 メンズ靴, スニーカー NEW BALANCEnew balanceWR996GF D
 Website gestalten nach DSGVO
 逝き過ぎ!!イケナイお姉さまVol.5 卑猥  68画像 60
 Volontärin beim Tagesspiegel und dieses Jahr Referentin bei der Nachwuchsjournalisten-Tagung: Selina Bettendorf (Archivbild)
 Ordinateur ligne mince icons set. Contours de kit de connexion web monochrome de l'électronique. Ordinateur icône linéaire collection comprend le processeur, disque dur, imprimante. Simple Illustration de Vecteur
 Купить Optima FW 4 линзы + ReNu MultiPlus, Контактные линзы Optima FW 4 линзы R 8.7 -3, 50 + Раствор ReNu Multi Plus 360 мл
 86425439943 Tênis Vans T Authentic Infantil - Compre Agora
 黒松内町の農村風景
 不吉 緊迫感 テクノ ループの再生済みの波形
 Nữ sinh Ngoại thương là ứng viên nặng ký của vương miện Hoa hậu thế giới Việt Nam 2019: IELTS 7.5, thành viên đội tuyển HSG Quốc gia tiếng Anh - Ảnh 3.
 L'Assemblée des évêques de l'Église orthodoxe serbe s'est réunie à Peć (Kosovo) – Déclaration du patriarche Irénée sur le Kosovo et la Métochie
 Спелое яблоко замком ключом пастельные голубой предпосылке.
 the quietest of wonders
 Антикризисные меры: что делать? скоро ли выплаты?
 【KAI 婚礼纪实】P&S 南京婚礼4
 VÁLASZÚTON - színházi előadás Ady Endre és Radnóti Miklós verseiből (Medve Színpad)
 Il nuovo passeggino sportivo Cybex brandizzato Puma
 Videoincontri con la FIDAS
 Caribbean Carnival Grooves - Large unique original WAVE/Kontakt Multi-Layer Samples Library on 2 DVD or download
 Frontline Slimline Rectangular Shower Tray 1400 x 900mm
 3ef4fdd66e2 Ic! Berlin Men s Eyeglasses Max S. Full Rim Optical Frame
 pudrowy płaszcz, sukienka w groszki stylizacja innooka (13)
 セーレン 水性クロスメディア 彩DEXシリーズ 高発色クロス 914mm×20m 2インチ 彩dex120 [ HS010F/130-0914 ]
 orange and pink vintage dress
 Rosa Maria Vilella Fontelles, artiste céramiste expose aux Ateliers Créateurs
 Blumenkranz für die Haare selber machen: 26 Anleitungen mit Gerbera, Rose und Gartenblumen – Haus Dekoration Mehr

> **About this exercise**:
Look above for the line containing "orange and pink vintage dress"; copy from it through the last line, exactly, and nothing more.

> **Output**:
 orange and pink vintage dress
 Rosa Maria Vilella Fontelles, artiste céramiste expose aux Ateliers Créateurs
 Blumenkranz für die Haare selber machen: 26 Anleitungen mit Gerbera, Rose und Gartenblumen – Haus Dekoration Mehr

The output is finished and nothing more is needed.